Saturday, March 26, 2011

One Question to the Wisest

Sometimes when I am in a crowd I think that IF I were some well known figure, say, Ernest Hemingway in the 1950s or any famous person, then people would make some effort to speak to me even if they do not like me simply to have some contact with fame. Then I thought to myself "SUPPOSE someone were renowned as the most wise or most educated, then what might people ask them."  

Hypothetical scenario: I have been chosen to meet the world's wisest person and ask them any one question. The media is gathered to record the historic event: I ask "Whom do you most admire and why?" - What can you see as the most obvious fallacy in this scenario besides the obvious improbability?

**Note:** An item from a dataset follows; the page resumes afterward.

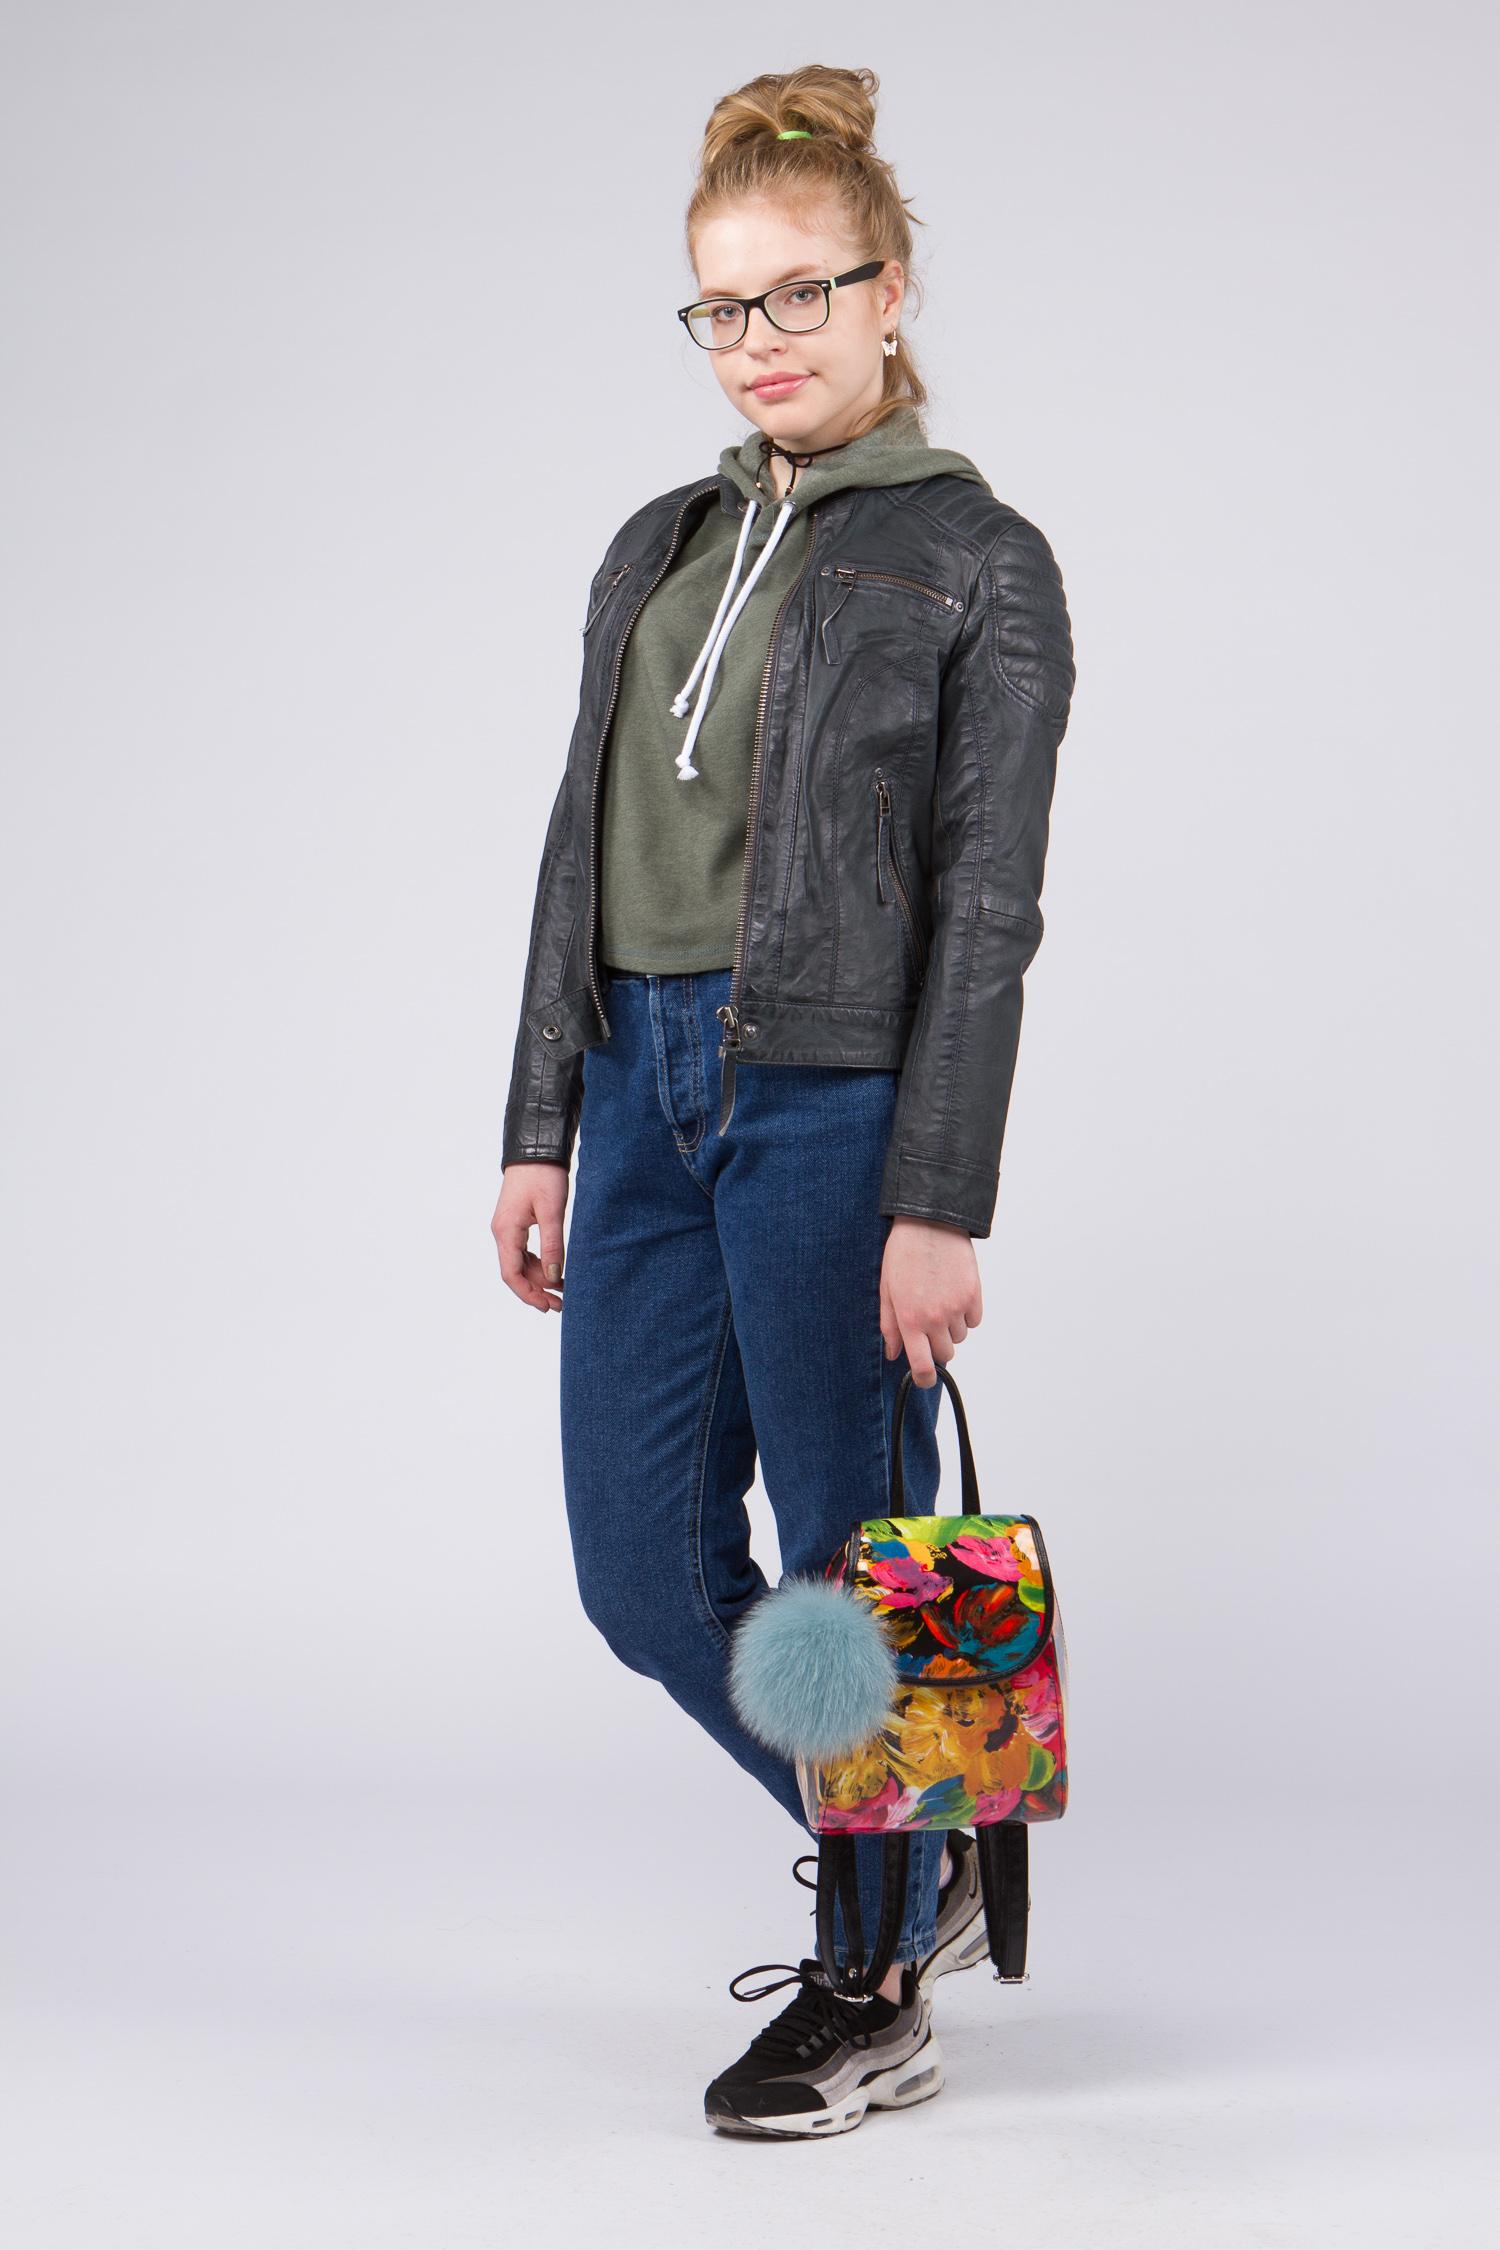 Женская кожаная куртка из натуральной кожи с воротником, без отделки<br><br>Воротник: стойка<br>Длина см: Ультра короткая (менее 50 )<br>Материал: Кожа овчина<br>Цвет: серый<br>Вид застежки: центральная<br>Застежка: на молнии<br>Пол: Женский<br>Размер RU: 52

I should have sad not "one question" but "one sentence" ... you are allowed to say one sentence so then the sentence would be "Whom do you most admire and why?"  Of course the New Testament describes a "wiser than a Solomon" and we see that many are apathetic and even among those who are healed (the ten lepers) only ONE returns to say something.  The real problem with the scenario is the assumption that anything may be arranged in some linear scale of importance. Our society is conditioned to think in terms of TOP TEN or TOP 100.  For example Tesla and Godel were brilliant in their respective fields but had no wisdom with respect to money/finance so both died in poverty.  Stephen gives a good answer which reminds me how Sartre refused the Nobel prize saying that if he were to acknowledge such an organization as the Nobel committee then he could not in good conscience be a philosophy (at least that is the account that I heard.)